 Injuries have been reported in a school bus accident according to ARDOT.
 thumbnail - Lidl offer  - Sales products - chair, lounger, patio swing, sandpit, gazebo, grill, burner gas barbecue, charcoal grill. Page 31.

════

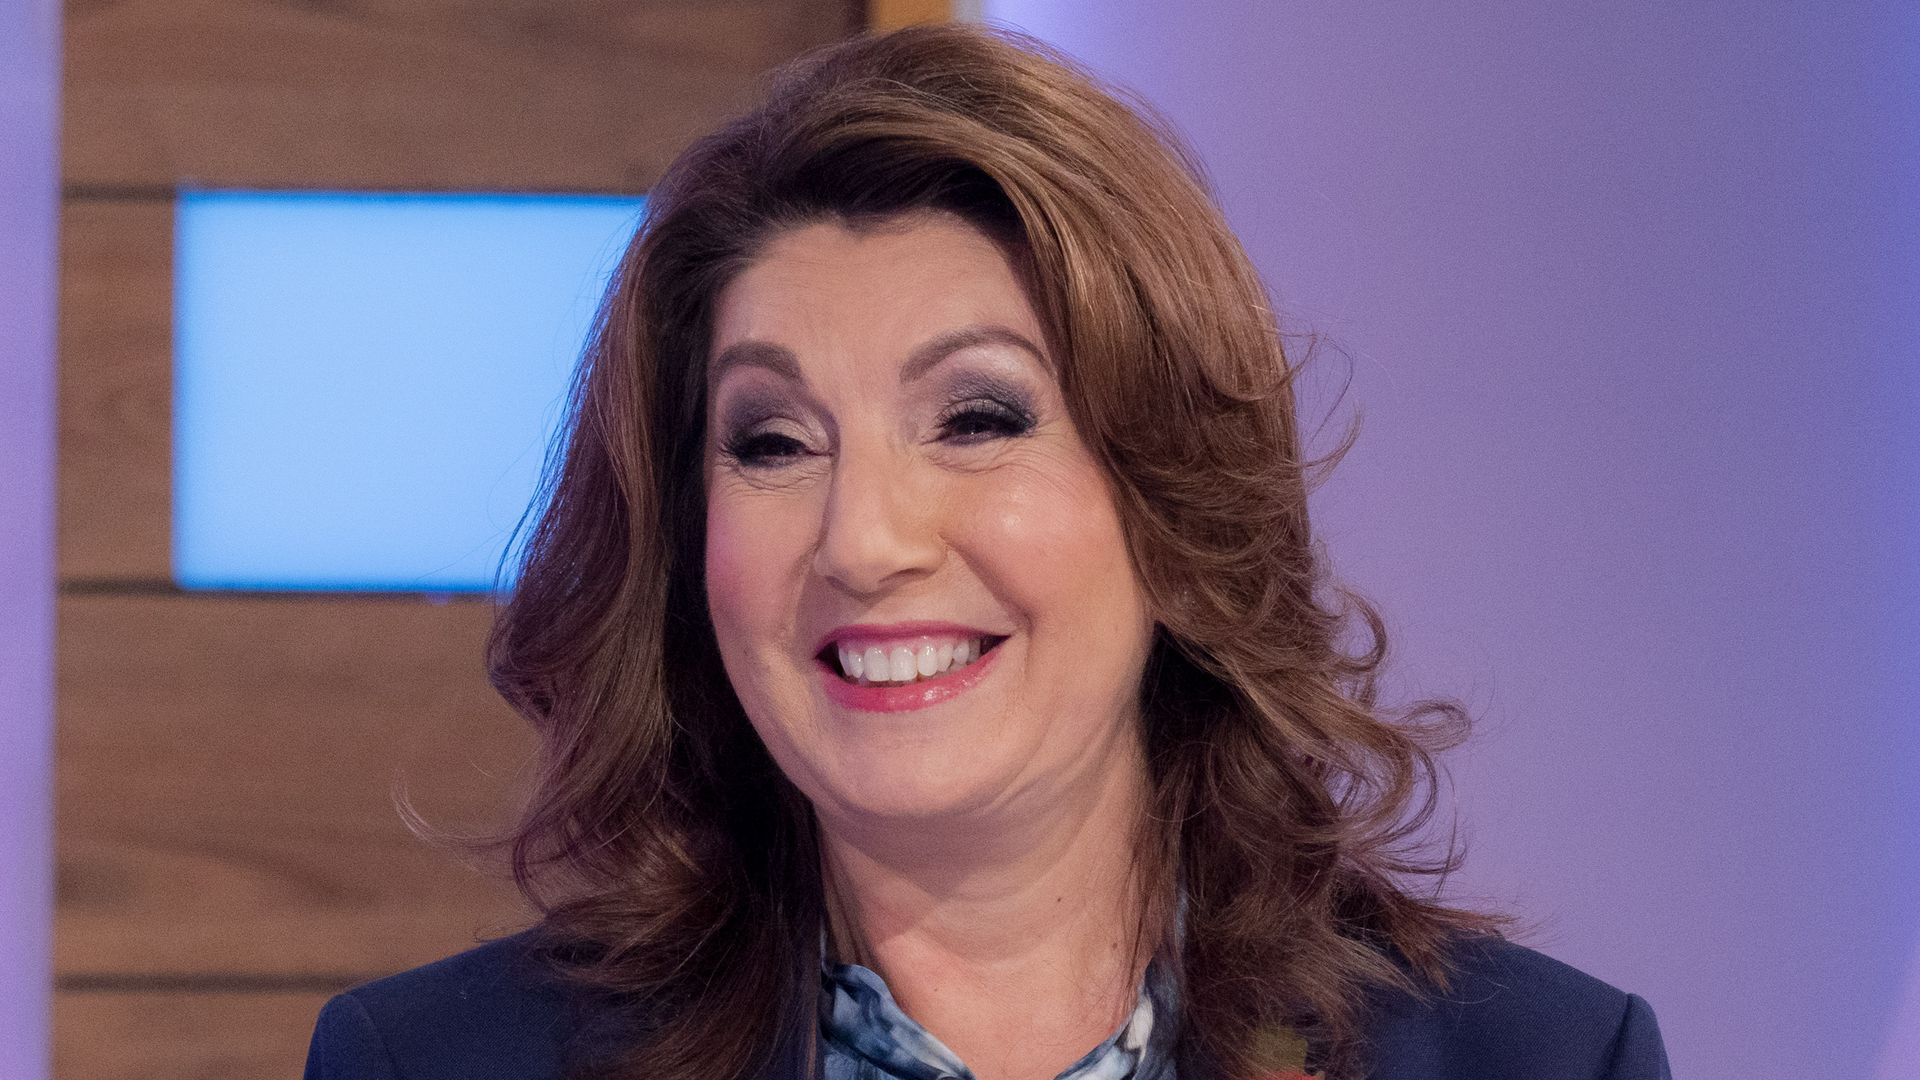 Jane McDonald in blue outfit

════

Your task >> Take the records above and return, word for word, only the lines that fall from the line with "Injuries have been" to the line with "thumbnail - Lidl", both of them included.

Completed task >>
 Injuries have been reported in a school bus accident according to ARDOT.
 thumbnail - Lidl offer  - Sales products - chair, lounger, patio swing, sandpit, gazebo, grill, burner gas barbecue, charcoal grill. Page 31.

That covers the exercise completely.